Following up a discussion at the web site task force, we want to archive the Mozilla Service Week site and use that as a model for archiving other sites.

Specifically, we want to add some sort of header to the site pages letting people know this site is no longer active but still contains historically interesting information.  We can also provide a wrap-up saying what the site accomplished -- that could either be a link to a blog post in the header or maybe the home page or about page is updated.

In addition, we should make the site read-only so that people are no longer able to submit information if there are still ways for people to input information or create accounts.
In order to alleviate the need to continue hosting this site and database (which require security updates by Ops if we keep the site up and running) I think we're going to need to look at a proper archiving method for the retired sites, a la the Wayback Machine.

http://web.archive.org/web/20050130093517/www.mozilla.org/

I'm going to propose that we write a (or find an already written) script that scrapes all of the pages from the site that we are trying to archive, and places all of the pages on a site where all of the retired Mozilla sites are archived.  

In initial testing, Wget does a good job of archiving an entire site.  For example, running the following command:

wget --recursive --no-clobber --page-requisites --html-extension --convert-links --restrict-file-names=windows --domains mozillaservice.org http://mozillaservice.org

Results in the following archival of the site:
http://mozilla-archive.ryansnyder.me/mozillaservice.org/

Once properly archived on the Mozilla archive collection, the original site and database can be retired.  All requests to the original site can be redirected to the archived site.

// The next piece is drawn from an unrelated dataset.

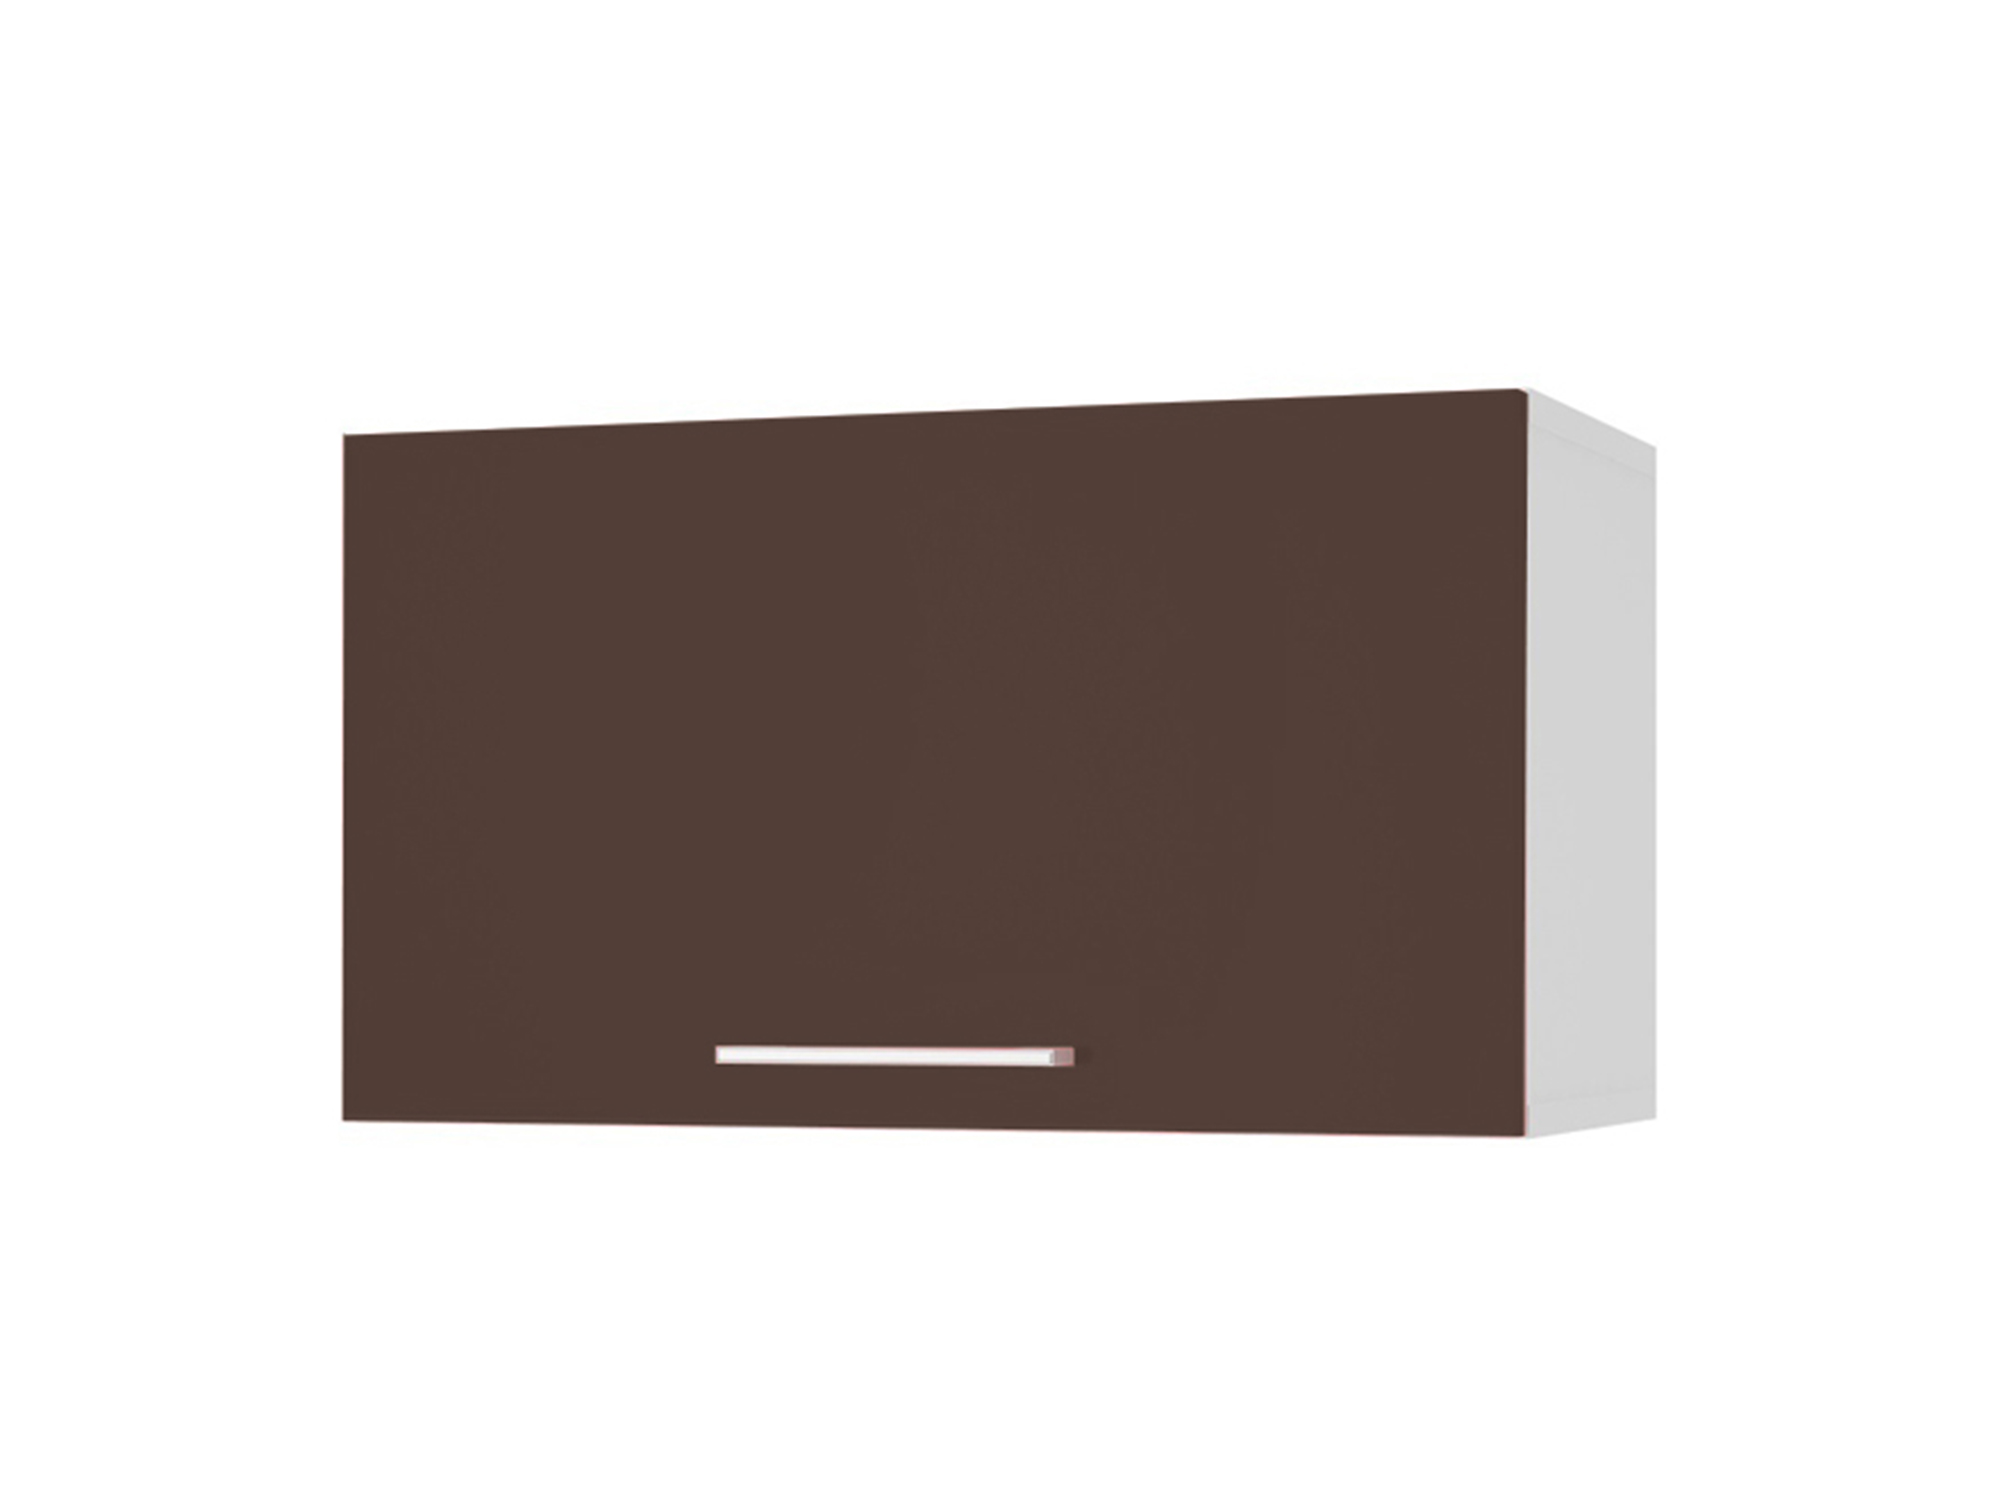 Шкаф навесной под вытяжку 60 Люкс Шоколад глянец, , Коричневый темный, Белый, МДФ, ПВХ, ЛДСП

The next thing we'll need to do is create a script that will automatically append a notice to the top of the site, much like http://www-archive.mozilla.org/contact/ .  Within the notice atop the site, we could link to a wiki record depicting more details about the site, such as when it was created, when it was retired and why it was retired.
To confirm that I understand the suggestion in comment #1, does this mean that we would create one site (archive.mozilla.org maybe) that would host all of the sites that have been archived (ex. archive.mozilla.org/mozillaservice.org)?  

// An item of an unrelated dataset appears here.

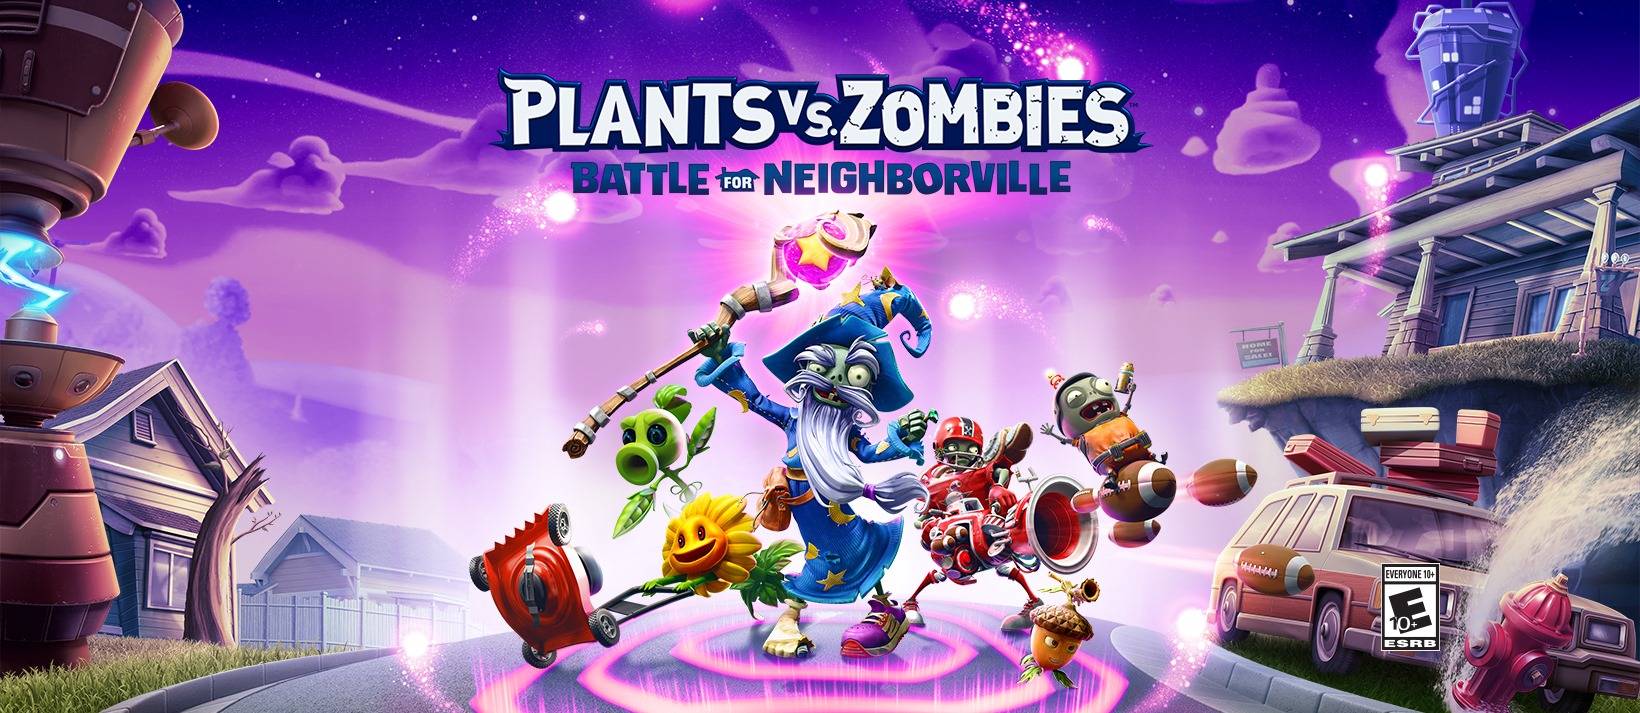 Pausa para Café] Como jogar Plants vs Zombies™ 2 no PC-Tutoriais de jogos -LDPlayer

People may or may not go directly to the top level archive.mozilla.org page since there are redirects from the URLs of the original sites, but we could create some sort of intro page that acts as a curated guide for what's going on?

That sounds fine to me.

BTW, I got a 'This Connection Is Untrusted' notice when I tried viewing one of the localized pages linked to from the language picker at the top.  I didn't come across that in limited surfing on the English version.
Thanks David.

Yes, sorry I didn't clarify that in comment #1.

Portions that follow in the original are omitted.